Security Entrance: Facility Safety

Consider creating a separate mantrap style entrance to allow for better safety at the entrance point, monitor visitors, keep a controlled environment as well as avoid weather-related issues, i.e. wet areas due to rain or snow, or temperature variance due to extreme heat or cold. 

Limiting doors access and key sets for employees needs to be part of your overall security plan, with proper door labeling and authorization levels. The idea is to prevent unauthorized personnel from accessing specific spaces, for proper environment control and to be compliant with the local regulatory body. Remember to be compliant with local rules and regulations.

Security Camera: Minimum Area of Coverage

In most states, you will need security coverage for 100% percent of your faculty where cannabis products will be stored or displayed, with proper recording and monitoring. Keep in mind that your security room will likely need its own dedicated HVAC systems

Security Camera: Minimum Data Storage and Resolution

You will need to store all security camera footage on-site for a minimum of 90-days, or more depending on regulations. You may need to store the data offsite for five years for future legal needs. Footage quality may need to be shot in 1080p minimum. An ASTM International Standard Guide for Video Surveillance System provides additional parameters to utilize.

Security Alarm: Monitoring

Security alarm needs to be monitored by a reputable company.

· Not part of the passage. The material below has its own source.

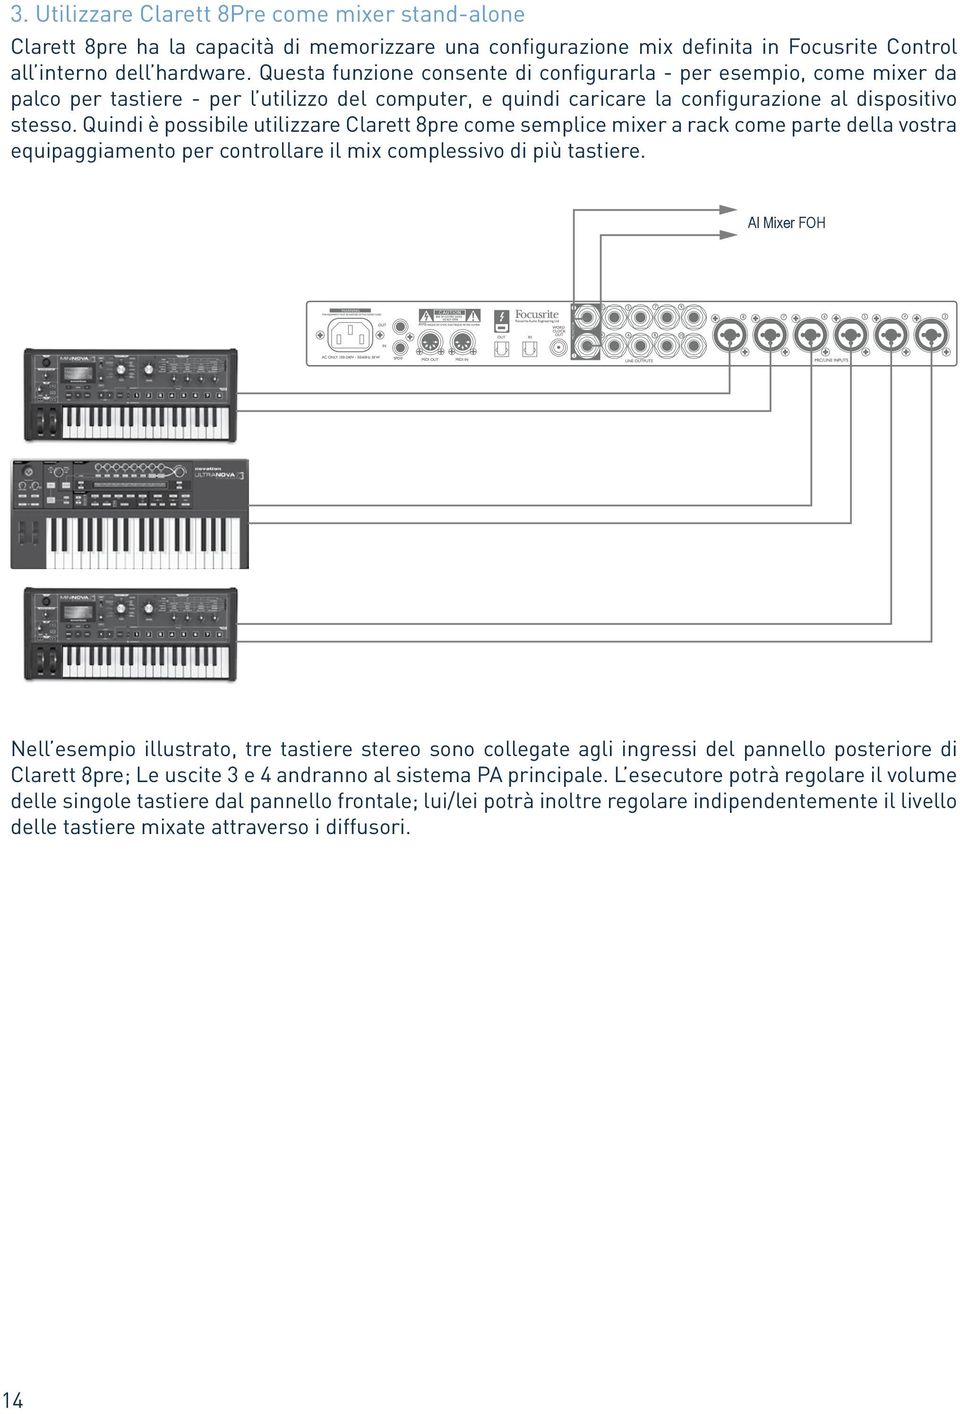 Quindi è possibile utilizzare Clarett 8pre come semplice mixer a rack come parte della vostra equipaggiamento per controllare il mix complessivo di più tastiere.

A service level agreement (SLA) or similar to ensure there are redundancies in the event of a failure should be considered, and redundancy or a backup system might be necessary.

Odor Control: Exhaust Air Management

Odor mitigation is a crucial part of all operations. All exhaust airflow must be oxidized or ionized. You also need a fogger system and carbon filtration. Refer to local municipal bylaws and regulations for more information.

For interior odor control and non-cultivation areas, consider cascading air flows from non-cultivation areas to provide a common method of control for pressurization control. Plan to control air flow and exhaust. 

Fire Sprinkler: Maximum Bench Sizing

Sprinklers are designed to cover a limited surface area. When installed on cultivation tabletops wider than 48”, additional sprinkler coverage may be required.

Flooring Type: Continuous

Cultivation floors shall have continuous resin or epoxy coating with at least a four-inch lip onto the adjacent wall.

Energy Incentives: Minimum HVAC/D Efficiency Rating

Air Conditioning (AC) units should be no less than 16 SEER, High Point (HP) units no less than 9 HSPF. Incentives for this vary by state. Please check with your local utility company and regulatory commission for all available rebates.

HVAC Validation Requirements: 

Bi-Annual Third Party Controlled Environment Validation using required Trend Data Metrics is the validation and calibration of control sensors, including temperature, humidity, CO2, and other devices such as scales, flow meters, integral valves, PPM sensors, EC meters, TDS meters, HVAC dampers and other applicable devices that may drift from factory or initial installation specifications.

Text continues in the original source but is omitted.